Добавлено (05.07.2012, 11:16)
---------------------------------------------
V smile

Софья проснулась рано – она всегда вставала до рассвета и пила с матерью чай. Мужа в комнате не было – на стуле висел его фрак, на столе лежала записка: «Оставляю вас наедине с тишиной, ибо чувствую, что не в силах уберечь ваше сердце от печали. Буду вечером». В глазах Софьи заиграл огонек – ей понравились слова Калокольского, и довольная, чувствуя прилив сил, она спустилась вниз.
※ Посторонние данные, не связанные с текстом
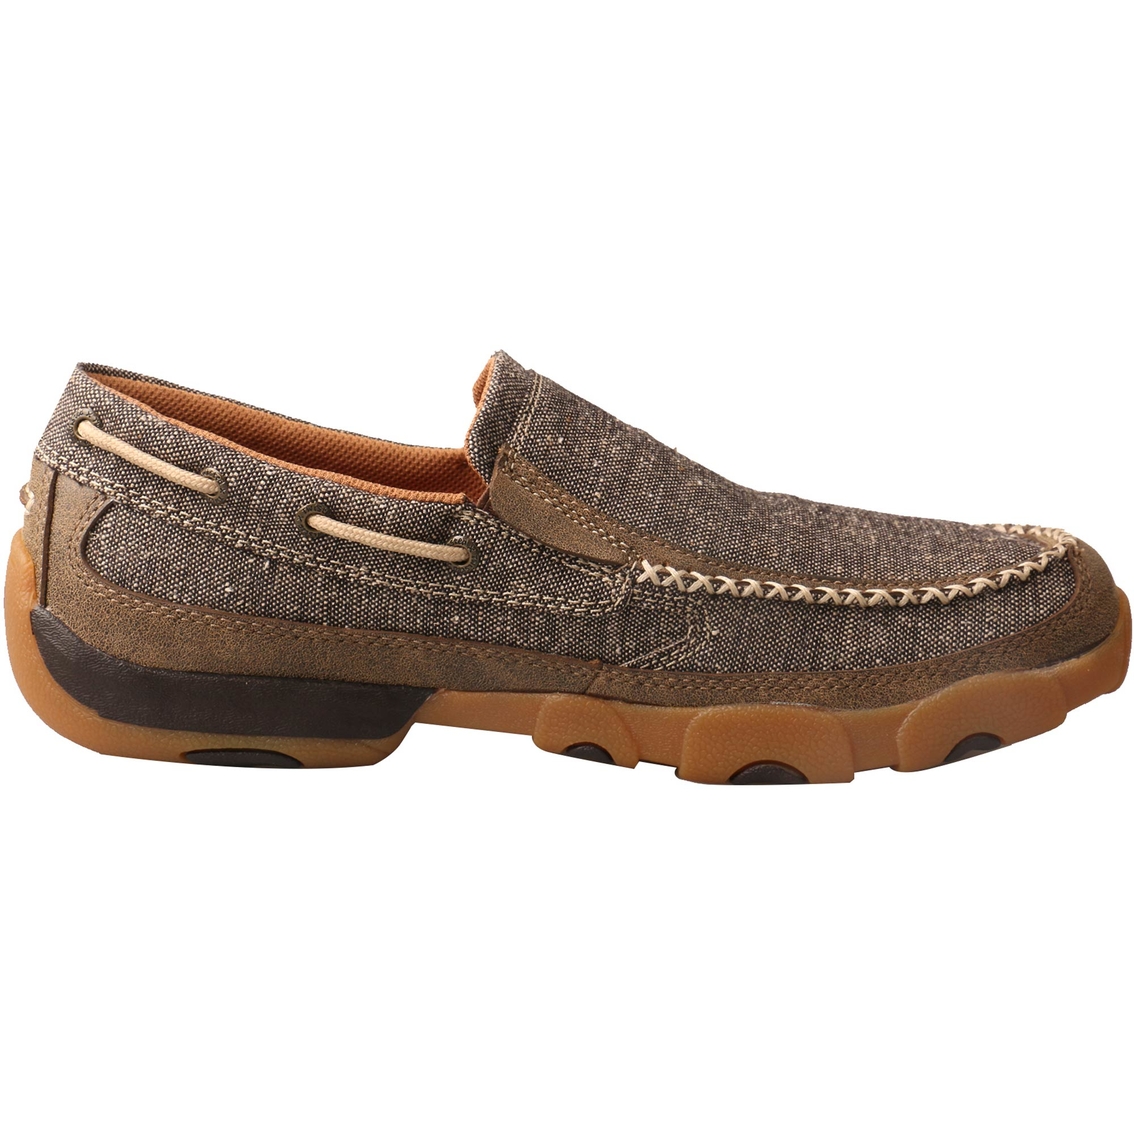 Twisted X Men's Slip-On Driving Moc Dust Shoes - Image 2 of 7
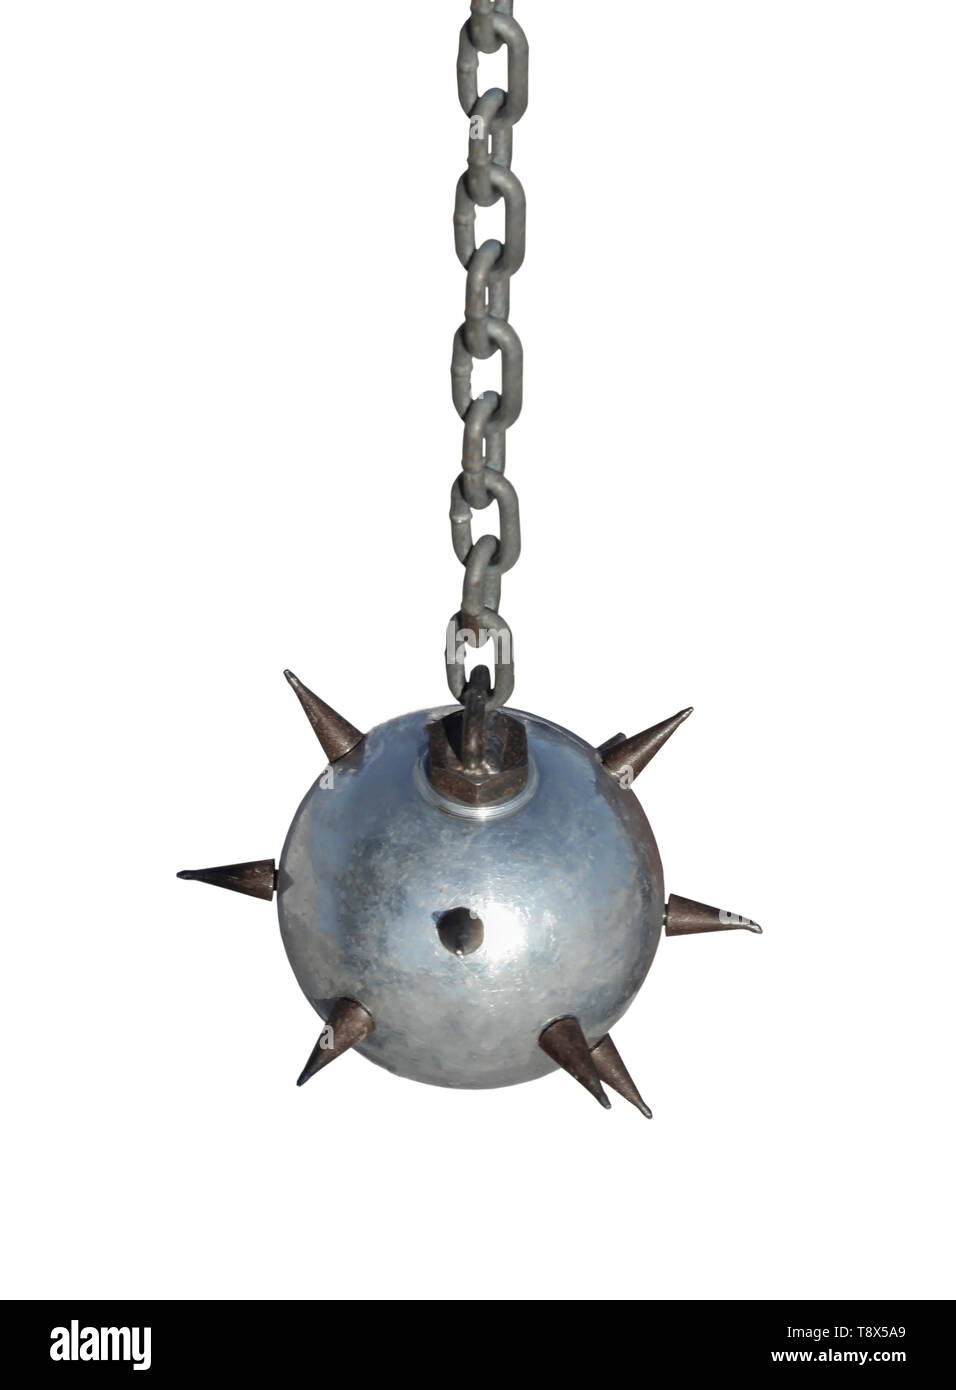 https://c8.alamy.com/comp/T8X5A9/melee-weapons-heavy-iron-ball-with-spikes-on-a-chain-T8X5A9.jpg

Гостиная была пуста; скорее всего, Семен Александрович, отец супруга, уехал куда-то по делам, а его жена Елизавета Михайловна, еще спит.
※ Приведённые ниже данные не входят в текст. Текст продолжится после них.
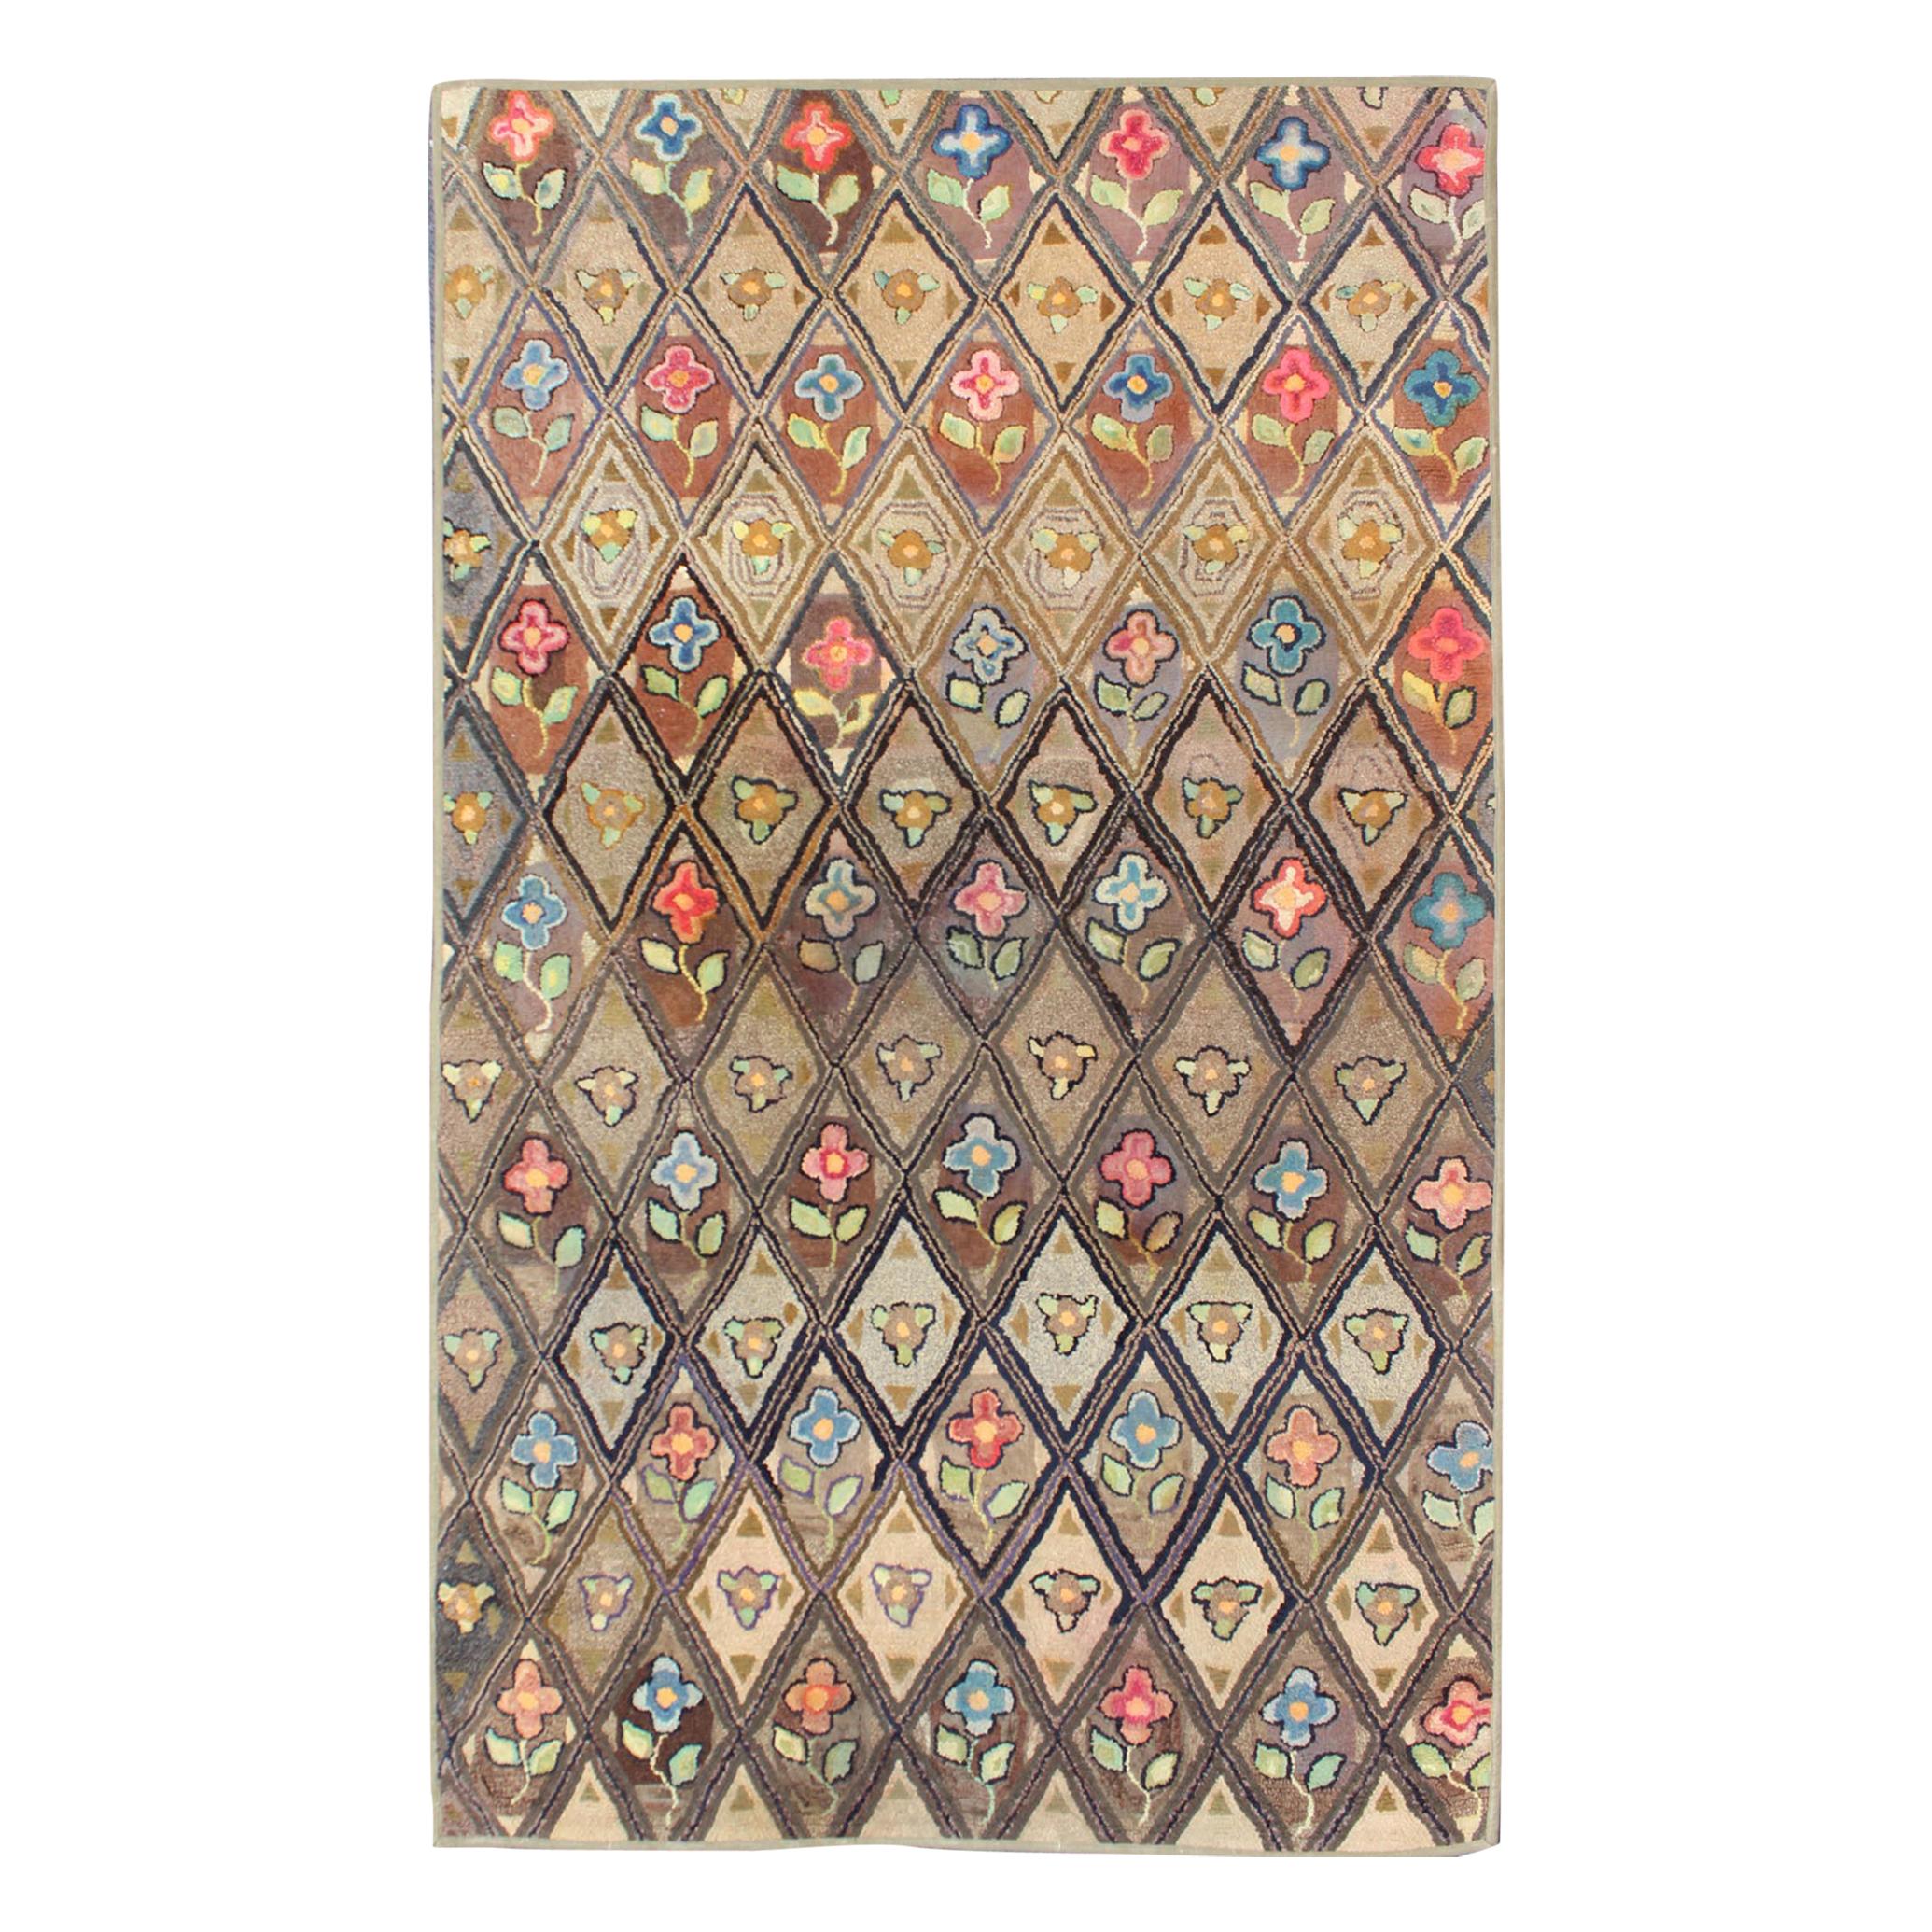 Outstanding Antique American Hooked Rug with Diamond Floral Design For Sale

Калокольские не держали лакеев; лавку с мехами и посудой открывал приказчик. Слышен был скрип дверей в столовую – вероятно, кухарка Аглая хлопотала на кухне. Софье стало интересно увидеть кухню, и она прошла по широкому коридору в столовую. То действительно была Аглая с дочкой лет тринадцати. У обеих были длинные густые косы, приколотые к макушке, и сонные жалостливые глаза. Софья неслышно подошла к Аглае, и дернула ее за фартук.
- Боже милостивый, кто здесь? – испугалась кухарка.
Наша героиня улыбнулась.
- Не пугайтесь так, это я.
Аглая несколько раз перекрестилась и глотнула воды. Дочь с интересом разглядывала наряд молодой хозяйки. В углу на старом матраце спал мальчик лет шести. Это насторожило нашу героиню, и она встревожено посмотрела на Аглаю.
- Кто это?
- Мой сын, Антоша.
- Отчего он спит в кухне?
Помолчав, кухарка нехотя ответила:
- Мы все спим здесь.
- У вас нет своей комнаты?
- А разве у прислуги бывает своя комната?
Обе замолчали, опустив глаза. Софья прекрасно понимала, что их дом намного проще, чем дом Калокольских, но они всегда выделяли прислуге отдельную комнату.
Аглая начала месить тесто на блины; Софья Николаевна бросила взгляд на спящего мальчика и, взволнованная, ушла к себе.
Она мечтала обойти весь дом Калокольских; ее манила ореховая роща вблизи пышного сада, небольшая часовенка позади дома, библиотека, которая, к удивлению, находилась не в доме, а в отдельной пристройке. Елизавета Михайловна обожала птиц и держала в доме канареек; она выделила для них отдельную комнату. «Надо же, - подумала вдруг Софья, - канарейкам отдельное жилье, а прислуге – кухня…». Нашей героине очень хотелось узнать, где эта комната, ибо она никогда не видела поющих птиц так близко.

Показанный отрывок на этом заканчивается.